Economically, cherry and apricot production was found to be profitable compared to other traditional crops (Saliby 1998). Moreover, fruit production by far has been more profitable and less demanding in time and labour than small ruminant production. Cherry production in the higher jurds of Arsaal has a major advantage in that the fruits mature one month later than the national average maturity time. Unfortunately, this unique maturity time has not been capitalized by the farmers because of limited marketing opportunities and a poor transportation infrastructure. Instead, the value of the crop is similar to the national average price at the farm gate. In addition, the farming method is fully organic in most of the orchards, and this could be a selling point. This green approach is not due to awareness among the farmers but is mostly related to the remoteness of the village, which keeps chemical suppliers away. According to farmers, the sustainability of the low-input production system is limited by the lack of knowledge about cultural practices, low soil fertility, emerging pest problems and primitive marketing structures.

Scenarios

Based on socioeconomic data, an optimization model of marginal land use in Arsaal was developed within a sustainable framework, taking into consideration the resource constraints present in the area. The optimization model would be utilized to better allocate the productive resources (land, labour and capital) and to increase the revenue of small farm holdings (farms of less than five hectares). Results showed that capital is the most binding constraint in the area, and an increase in capital leads to a significant growth in net revenue. In addition, integrated crop-livestock systems were shown to offer more sustainable land use if supported by a sound credit system.
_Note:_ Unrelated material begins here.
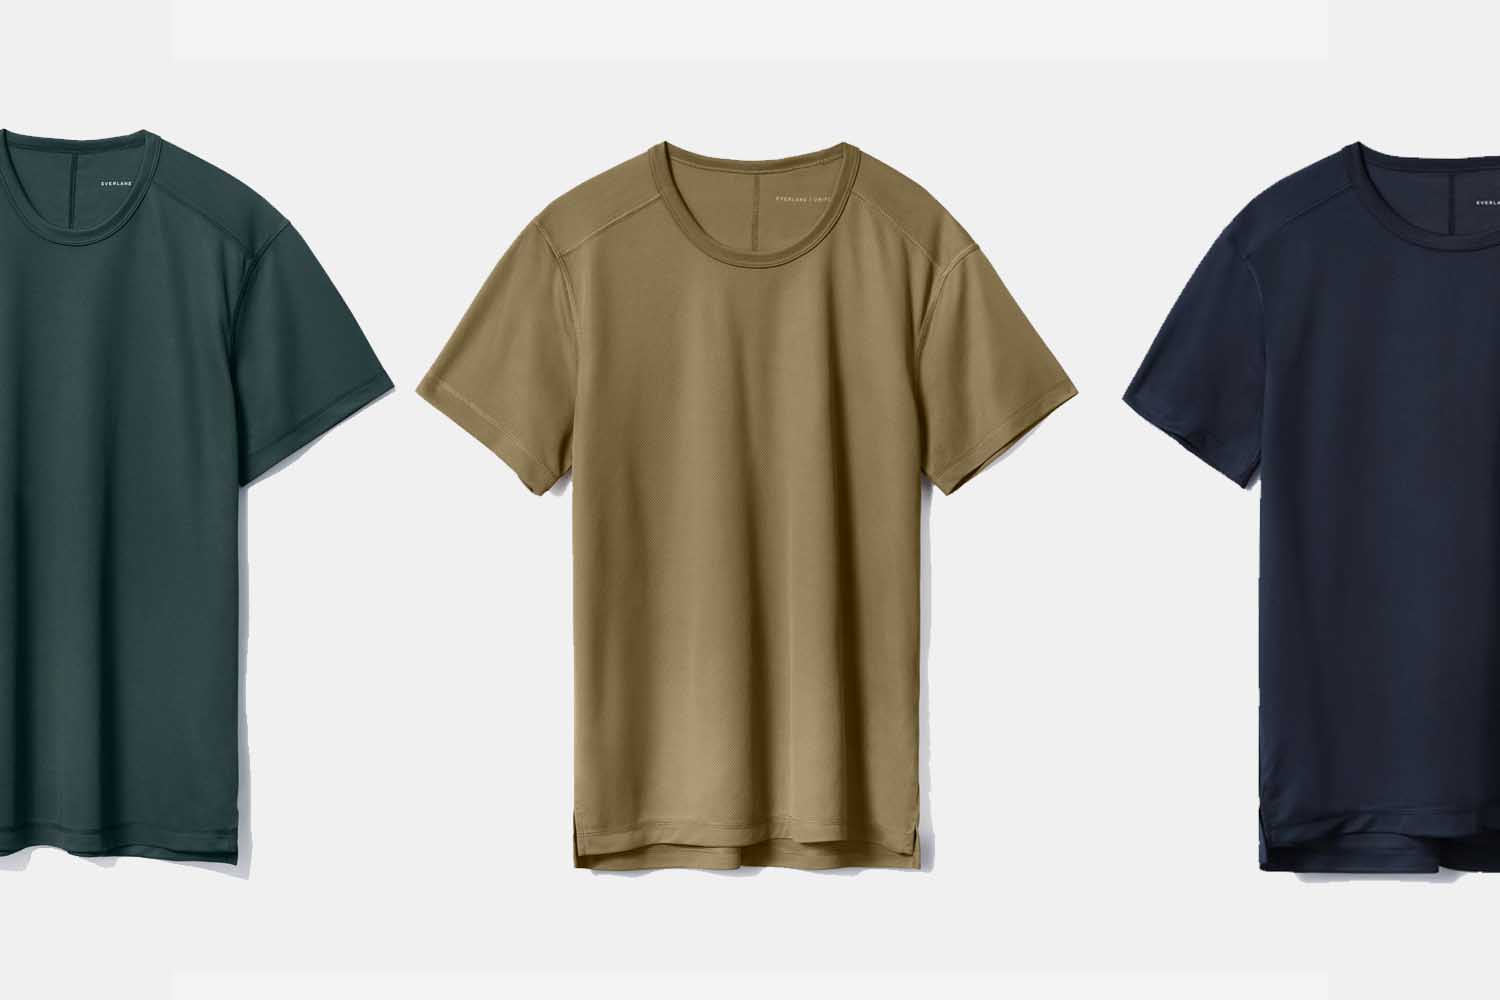 Deal: Everlane’s Performance Sport Tee Is 36% Off

Another study was conducted to assess the competitiveness of agriculture in light of the expansion of quarrying activities and to predict whether both activities would still operate complementarily in the future or if quarrying would replace agriculture as the major economic activity (Geadah 1998). Different scenarios were considered for agricultural activities based on farming intensity, land cost and family opportunity cost. Quarrying activities were defined as consisting of rock quarrying, gravel quarrying and brick making. Both rock quarrying and brick making activities were then subdivided into three different scenarios based on land ownership and rock input ownership (for brick making activities only).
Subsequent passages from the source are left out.